3. The triboelectric-electromagnetic-piezoelectric hybrid self-powered wind vibration identification and suppression system according to claim 2, characterized in that, The elastic beam is a spring steel rod, and the piezoelectric elements are symmetrically attached to the surface of the spring steel rod.
4. The triboelectric-electromagnetic-piezoelectric hybrid self-powered wind vibration identification and suppression system according to claim 1, characterized in that, The electromagnetic power generation unit includes a fixed part and a movable part. A magnet is provided on the fixed part, and a coil is provided on the movable part. The movable part reciprocates relative to the fixed part under vibration excitation, causing the coil to cut magnetic field lines to generate electrical energy.
5. The triboelectric-electromagnetic-piezoelectric hybrid self-powered wind vibration identification and suppression system according to claim 1, characterized in that, The triboelectric power generation unit is a vertical contact-separation triboelectric nanogenerator, comprising multiple alternating electrode layers and triboelectric material layers, used to generate electrical energy through contact-separation motion between layers under vibration excitation.
6. The triboelectric-electromagnetic-piezoelectric hybrid self-powered wind vibration identification and suppression system according to claim 1, characterized in that, The vibration state recognition module includes a microcontroller, which is equipped with a pre-trained convolutional neural network model for feature extraction and pattern recognition of the voltage signal output by the triboelectric power generation unit, so as to output the classification result of the vibration state.
7. The triboelectric-electromagnetic-piezoelectric hybrid self-powered wind vibration identification and suppression system according to claim 6, characterized in that, The vibration state identification module also includes a signal processing unit connected between the triboelectric generator and the microcontroller, which is used to filter and adjust the amplitude of the voltage signal; the microcontroller is also used to execute a preset graded early warning strategy based on the classification result of the vibration state.
8. The triboelectric-electromagnetic-piezoelectric hybrid self-powered wind vibration identification and suppression system according to claim 1, characterized in that, The energy management circuit includes rectifier circuits corresponding to the output terminals of the electromagnetic power generation unit, the triboelectric power generation unit, and the piezoelectric power generation unit, respectively, as well as a common energy storage element and voltage conversion circuit; wherein, the rectifier circuit corresponding to the triboelectric power generation unit is a full-bridge rectifier circuit, and its output terminal is connected in series with a thyristor and a diode to stabilize the trigger voltage.
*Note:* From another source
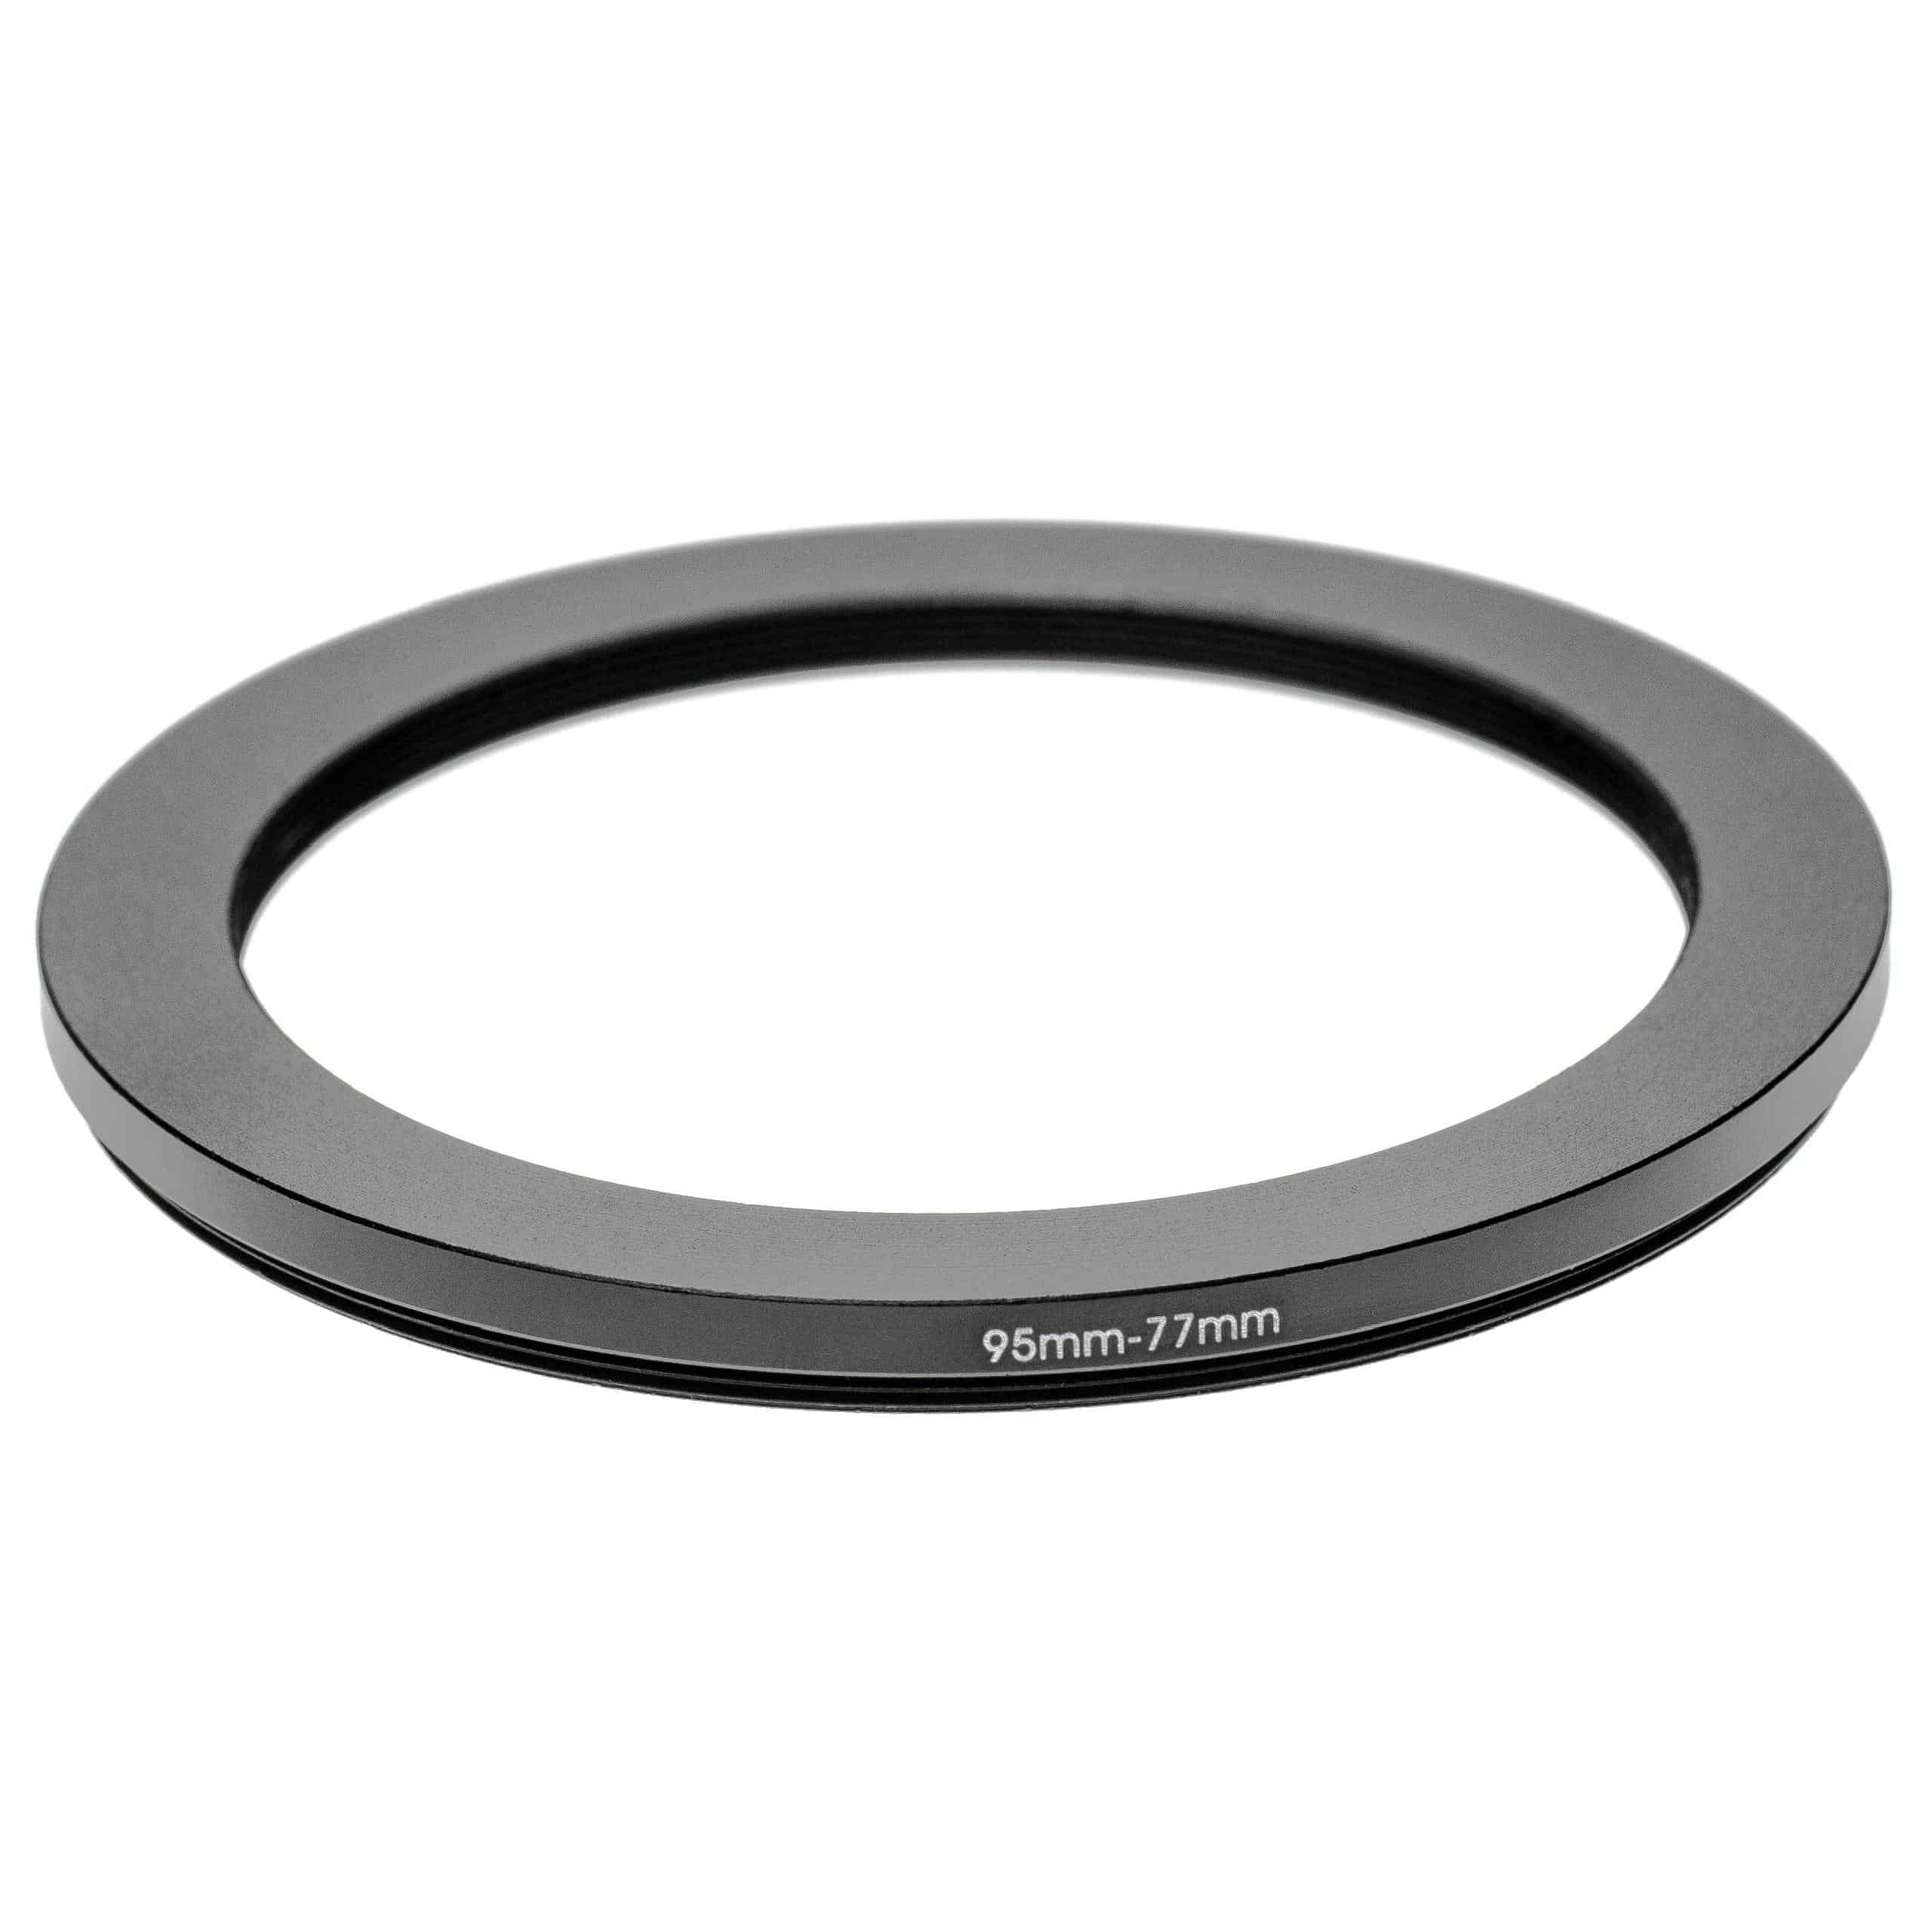 Anello adattatore step-down da 95 mm a 77 mm per obiettivo fotocamera - Adattatore filtro, alluminio (anodiz

9. The triboelectric-electromagnetic-piezoelectric hybrid self-powered wind vibration identification and suppression system according to claim 1, characterized in that, The electromagnetic power generation unit, the triboelectric power generation unit, and the piezoelectric power generation unit are stacked sequentially from top to bottom within the encapsulation housing.
10. The triboelectric-electromagnetic-piezoelectric hybrid self-powered wind vibration identification and suppression system according to claim 6, characterized in that, The system also includes a wireless communication module connected to the microcontroller, used to send vibration status identification results and early warning information to an external monitoring platform.